THIS weekend’s Together march promises to be the largest anti-racist demonstration in generations.
It is needed as a confident assertion that we have an anti-racist majority in Britain and we will not allow the far right to turn communities against each other.
We have seen that anti-racist majority in action. In the summer of 2024 a wave of racist riots swept British towns. Neighbourhoods were trashed, hotels housing refugees targeted.
The community response was swift and magnificent, both the collective clean-up efforts in affected towns and the huge mobilisations, from Newcastle in the north to Brighton in the south, warning that the racists would not pass.
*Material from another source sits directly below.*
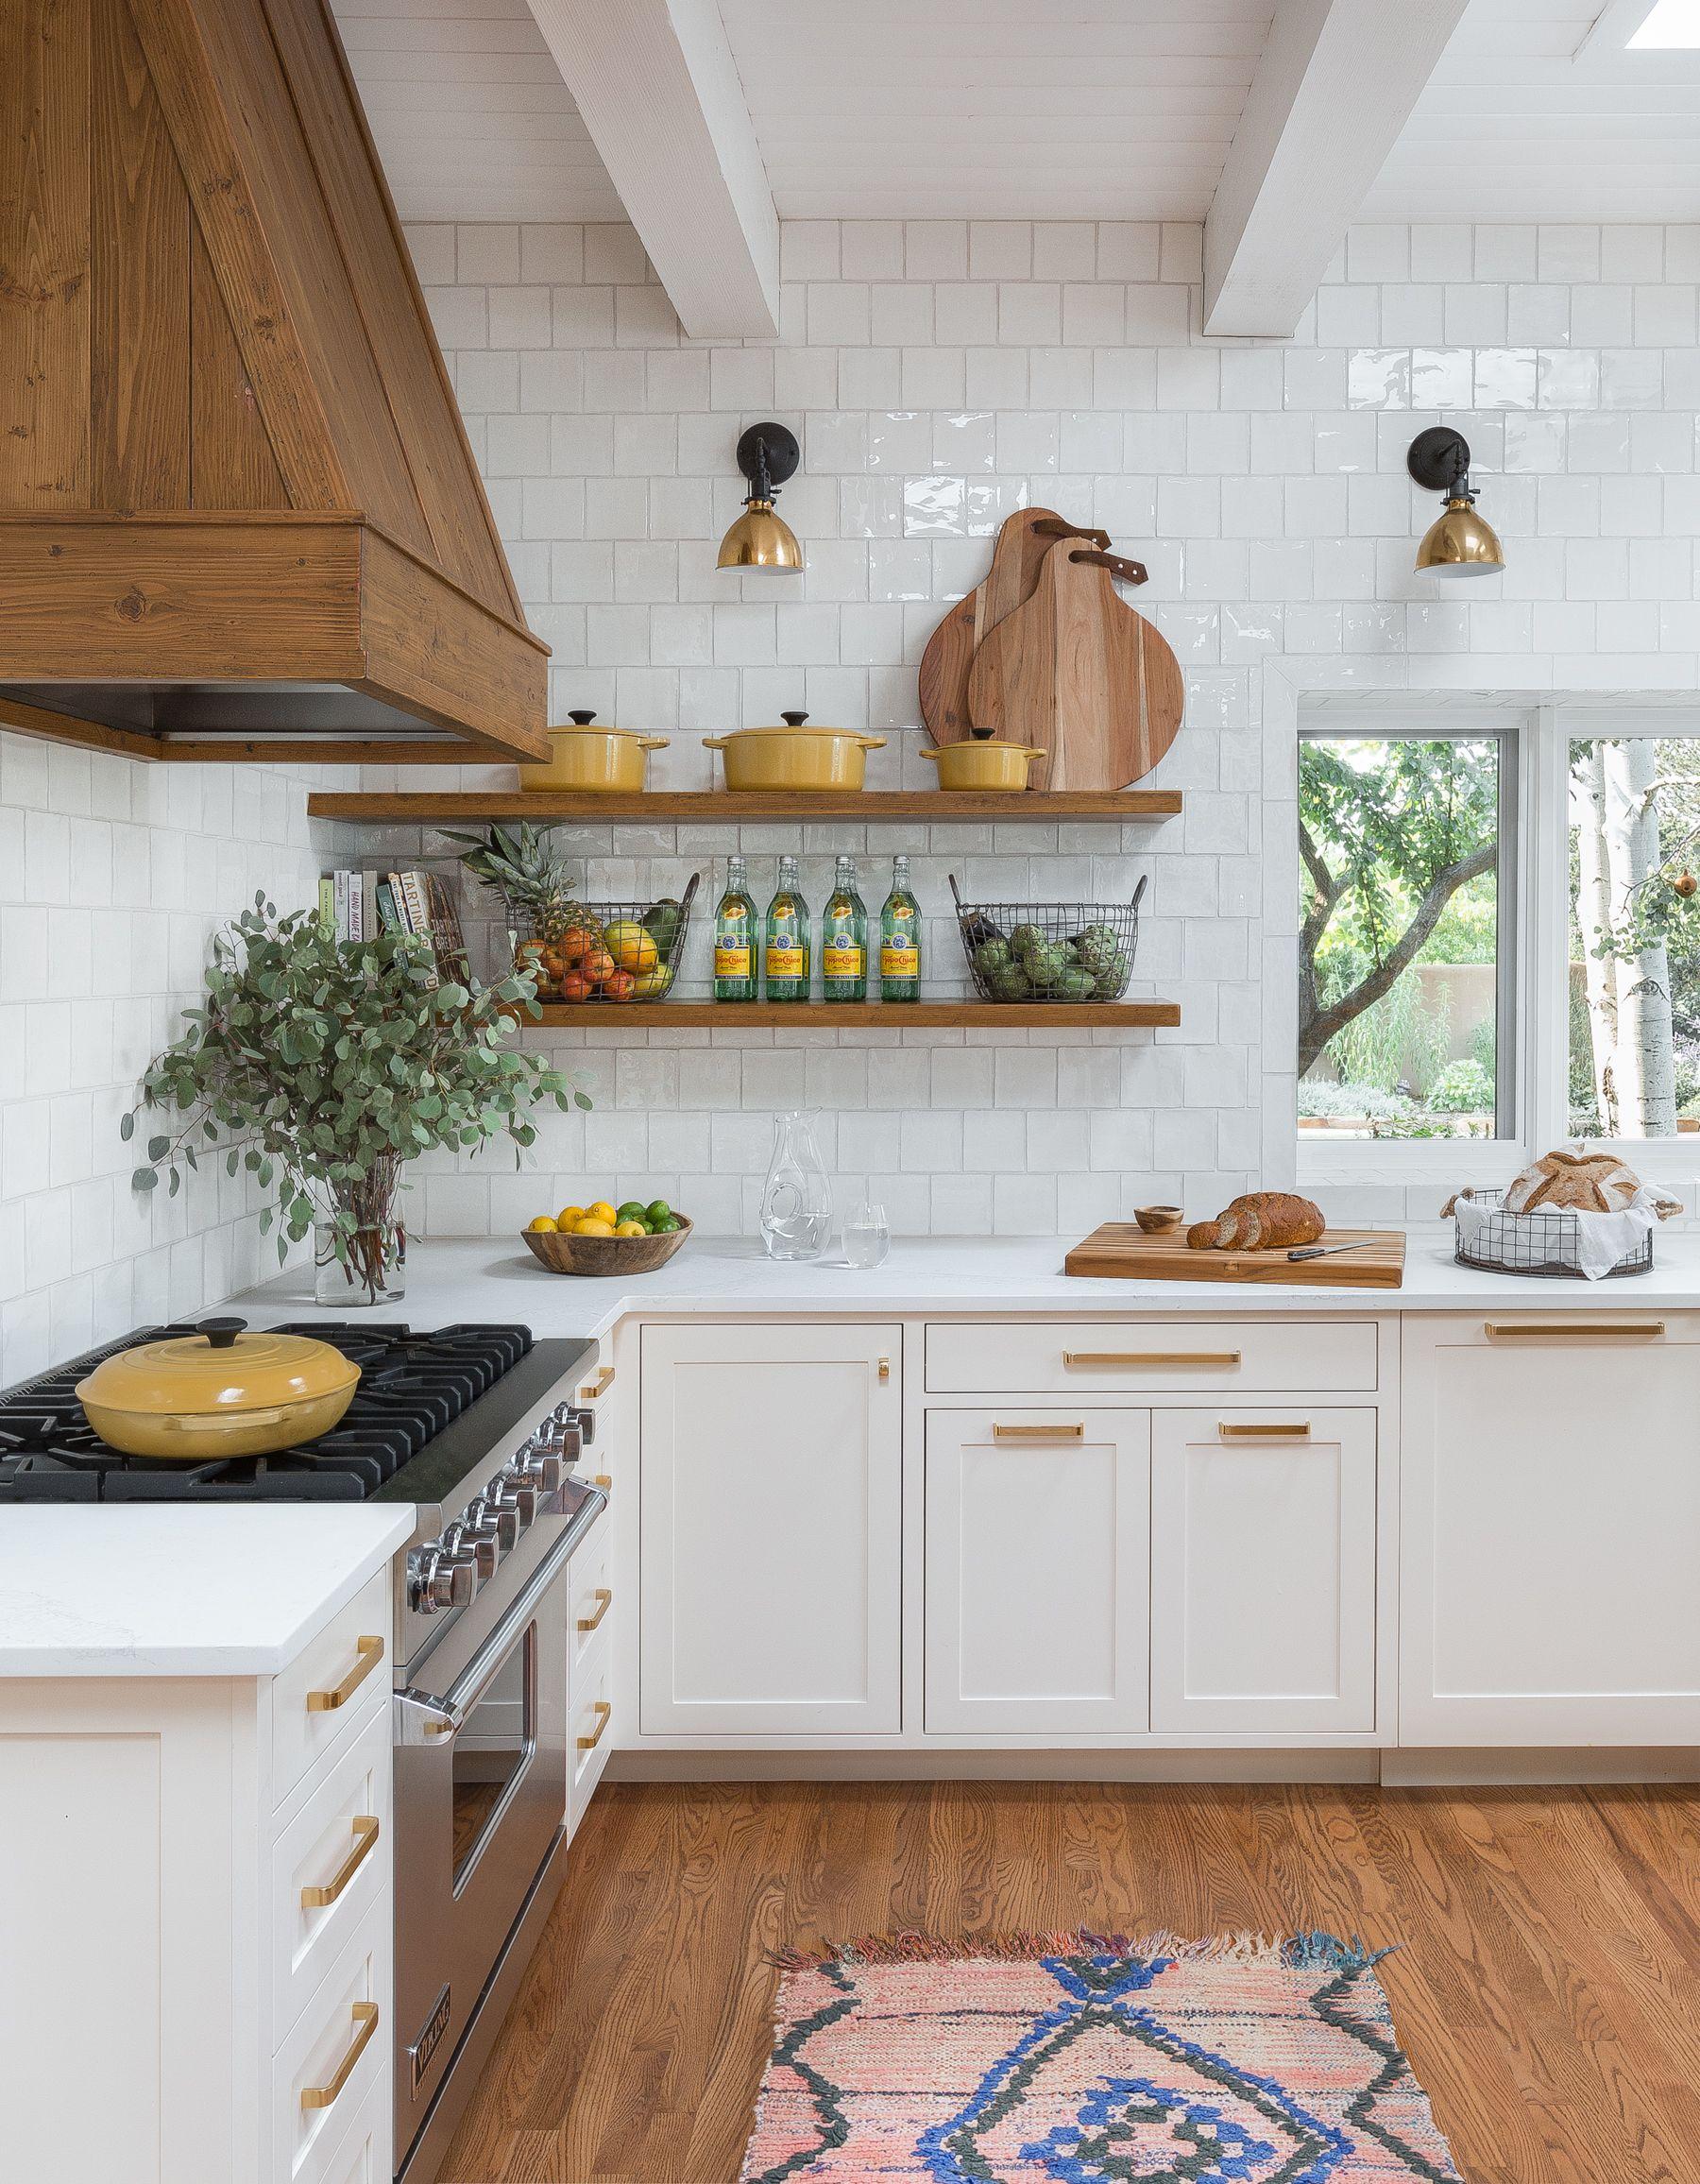 Built Design Collective Cara Scarola Santa Fe Interior Design Kitchen Open Shelving Wo Kitchen Cabinet Styles Interior Design Kitchen Kitchen Inspirations

The riots fizzled out.
But the far right has advanced since then. Donald Trump’s re-election that winter in the United States has emboldened it globally, as liberal governments cringe before a leader of the “free world” who peddles racist conspiracy theories, openly supports ethnic cleansing and unleashes state terror on immigrants, black people and entire communities like Minneapolis.
The US right is not just an inspiration for the Tommy Robinsons and Nigel Farages.
It supports them politically. The White House National Security Strategy commits to promote “the influence of patriotic parties” to “help Europe correct its current trajectory.” Last summer US Vice-President JD Vance used a “holiday” in England to meet a suite of far-right politicians and “influencers.”
It supports them financially. Reform UK is awash with foreign cash and tech tycoon Elon Musk paid Robinson’s legal fees last October.
Rolling in money, the far right is well placed to exploit the grievances felt by millions of people who — rightly — see Westminster politics as an insiders’ game where corrupt politicians dance to the tune of big business and ordinary people’s living standards and public services decline year on year.
These factors lie behind the huge demonstration organised by Robinson last September, whose 150,000 marchers made it the biggest far-right show of force in British history.
They explain the rise of Reform UK, which has established a steady lead over all other parties across national opinion polls. It’s a long way short of majority support, but party politics is fracturing and with three, four or five-way contests increasingly common it could win a parliamentary majority under our first-past-the-post electoral system.
A far-right street menace linked to a far-right electoral threat backed by the richest man on Earth and the most powerful state, one that already wields huge influence over British government. The situation is dangerous.
We must come together. Unite all forces for a counter-attack that demonstrates the far right are not the answer.
They are pawns of the very elite whose greed has gutted this country — advocates of more deregulation, more cuts.
Reform reneging this week on pledges to nationalise water and energy — like its front bench stuffed with ex-Tories like Robert Jenrick and Suella Braverman — show it is no breath of fresh air but more of the same. Farage’s love-in with Trump shows it is not about taking back control, but surrendering our country’s future to rich megalomaniacs.
They must be exposed for the frauds they are. But more than that, the left needs to show we have solutions for a broken Britain — public ownership, redistribution of wealth and an economy planned in the public interest.
We must lead the fight to tax the rich, raise incomes and control prices in response to the economic catastrophe Trump’s war on Iran is unleashing.
Together, uniting much of the trade union movement with charities and community organisations, has the potential to be a game-changing alliance.
It must be more than a one-off demo, but the start of a movement that brings these forces together across Britain, channelled through trades councils, town hall meetings and street stalls, making the case for a better future.